Longest Common Subsequence

Given two sequences of characters, print the length of the longest common subsequence of both sequences. For example, the longest common subsequence of the following two sequences:

abcdgh
aedfhr

is adh of length 3.

Input consists of pairs of lines. The first line of a pair contains the first string and the second line contains the second string.

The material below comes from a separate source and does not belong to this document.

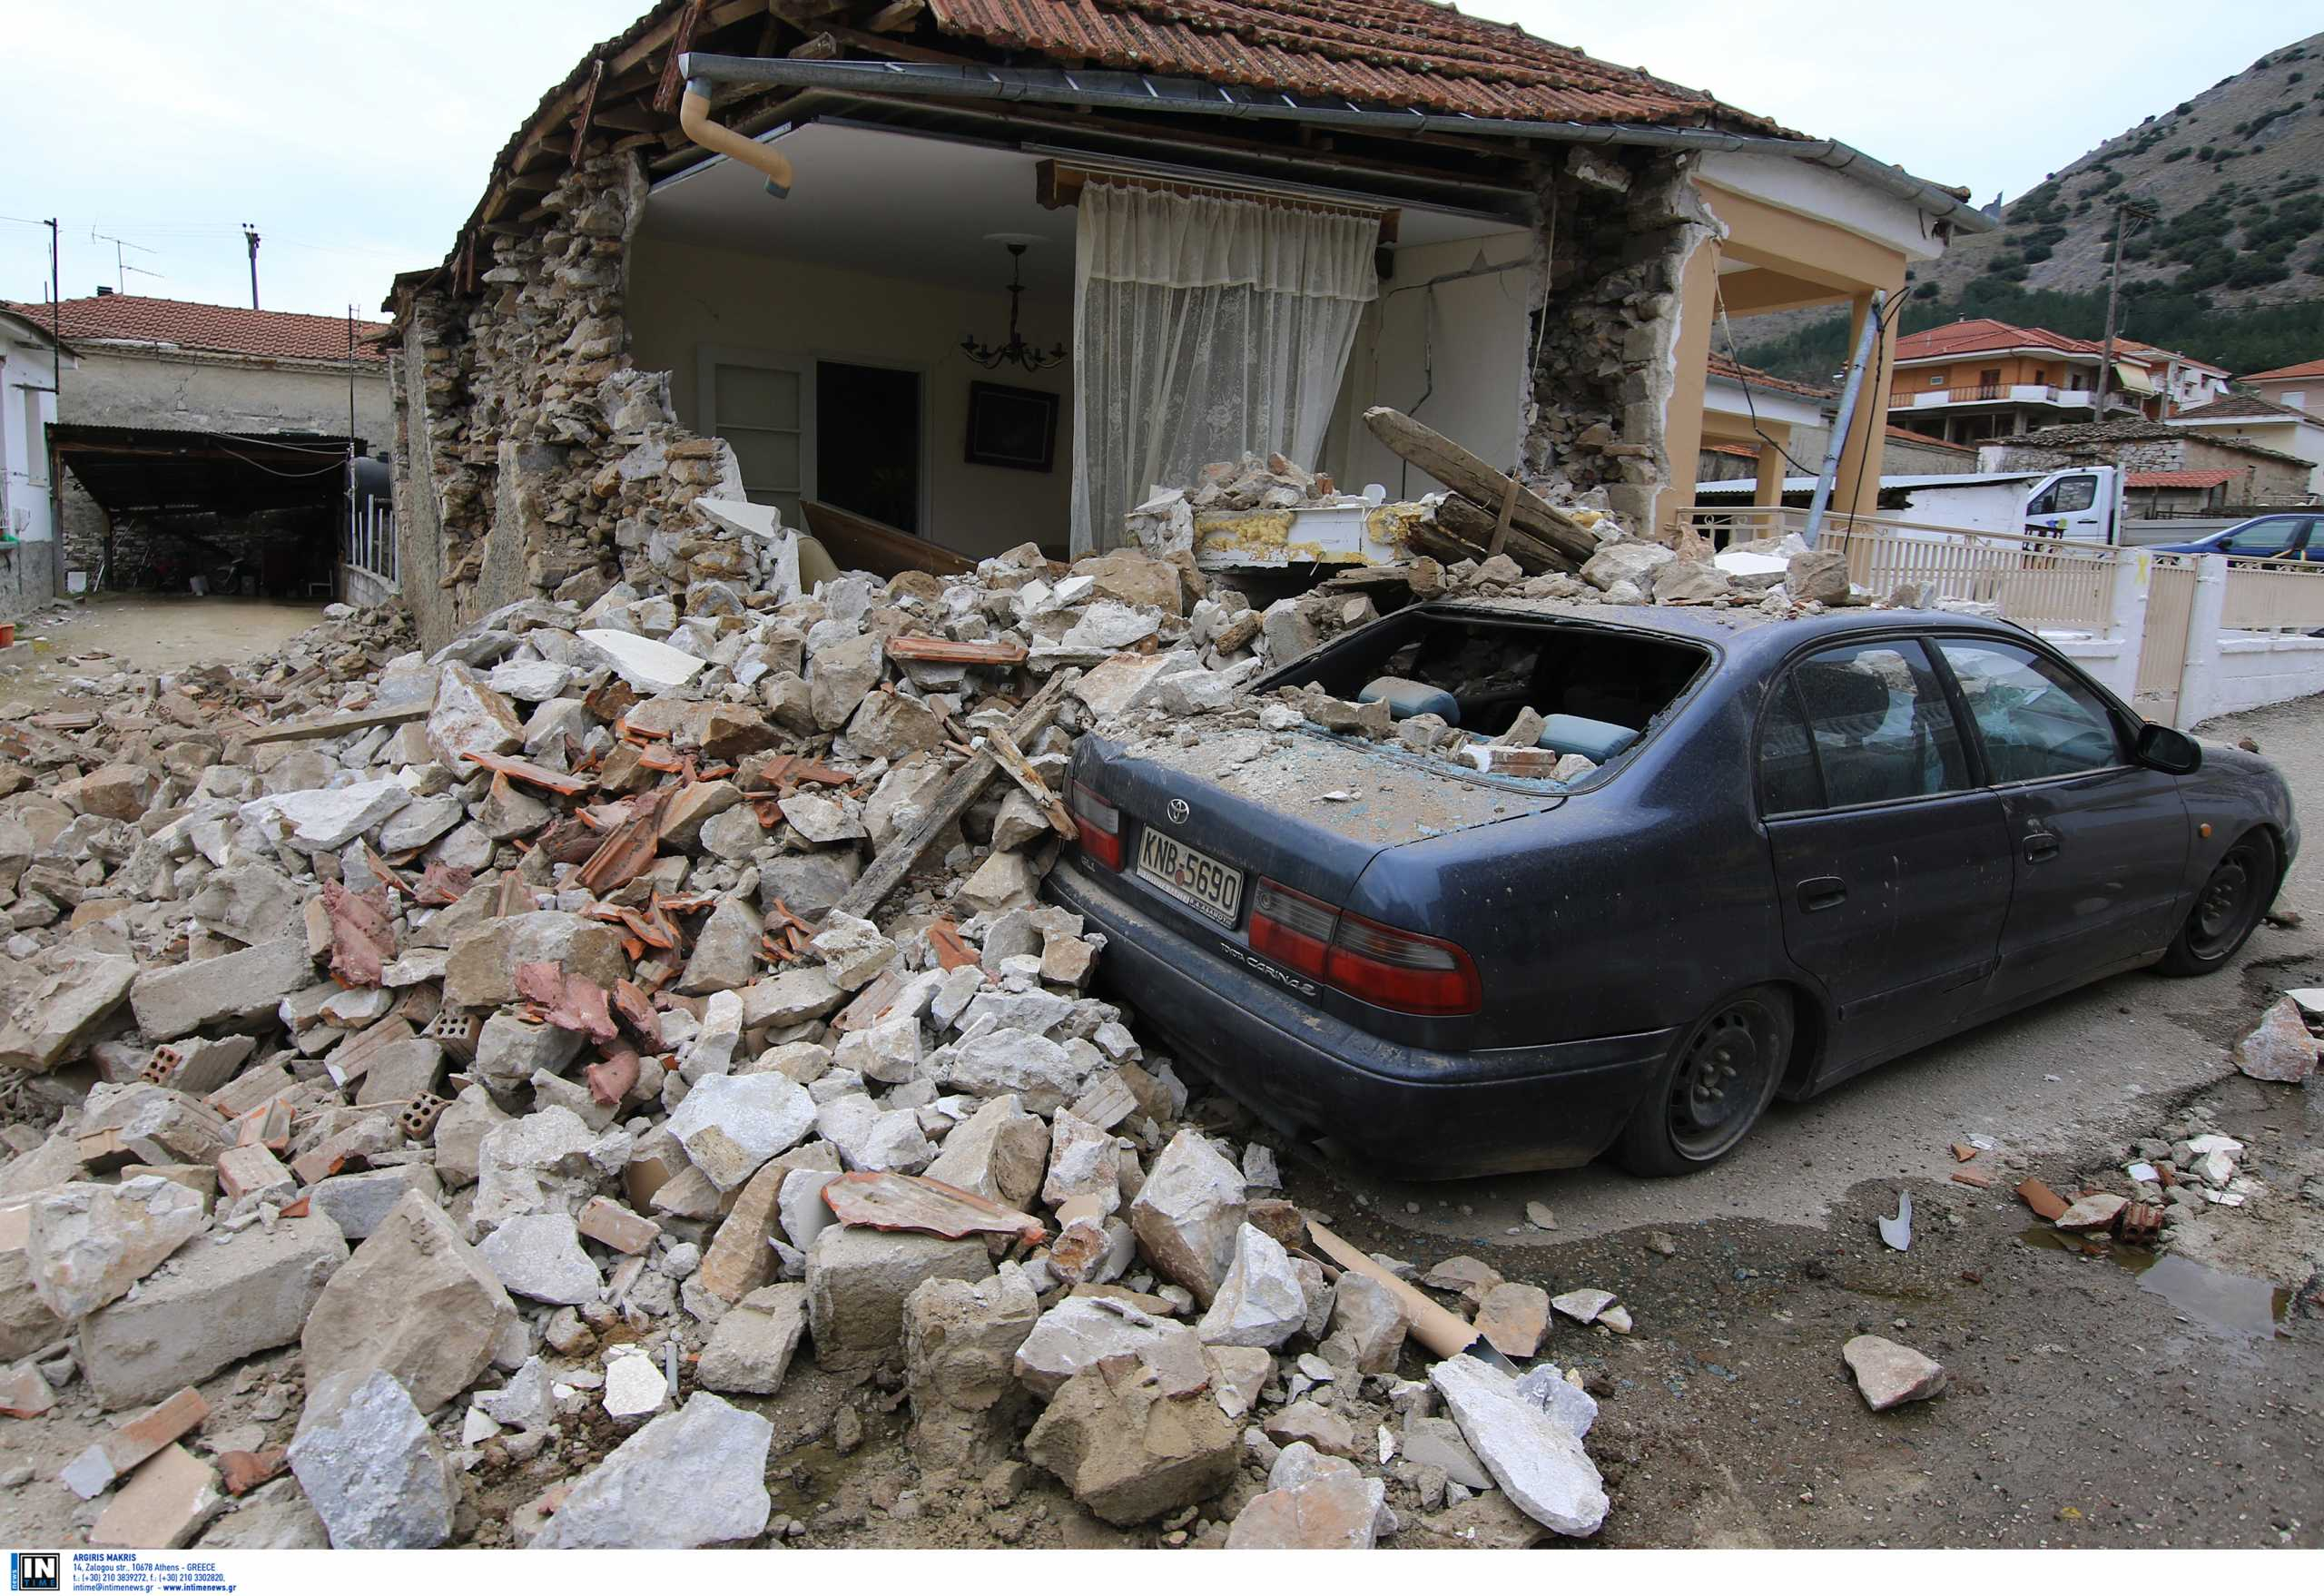 Λέκκας: Έτσι γλίτωσαν τραυματισμούς από το σεισμό μαθητές και καθηγητές στη Θεσσαλία

Each string is on a separate line and consists of at most 1,000 characters

For each subsequent pair of input lines, output a line containing one integer number which satisfies the criteria stated above.

Sample input

a1b2c3d4e
zz1yy2xx3ww4vv
abcdgh
aedfhr
abcdefghijklmnopqrstuvwxyz
a0b0c0d0e0f0g0h0i0j0k0l0m0n0o0p0q0r0s0t0u0v0w0x0y0z0
abcdefghijklmnzyxwvutsrqpo
opqrstuvwxyzabcdefghijklmn

Output for the sample input

4
3
26
14

题意：给出两字符串(可能含有空格)，求出两字符串最长的公共子串。

题解：DP，原理很清楚，写出递归式，注意输入可能含有空格。

#include <iostream>
#include <stdio.h>
#include <stdlib.h>
#include <cstring>
#define MAX_N 1005

using namespace std;

int n,m;
char s[MAX_N],t[MAX_N];
int dp[MAX_N][MAX_N];
int main()
{
    while( gets(s) && gets(t)  )
    {
        n = strlen(s);
        m = strlen(t);
        for( int i = 0; i < n; i++ )
        {
            for( int j = 0; j < m; j++ )
            {
                if( s[i] == t[j] )
                    dp[i+1][j+1] = dp[i][j] + 1;
                else
                    dp[i+1][j+1] = max(dp[i][j+1],dp[i+1][j]);
            }
        }
        cout<<dp[n][m]<<endl;
    }
    return 0;
}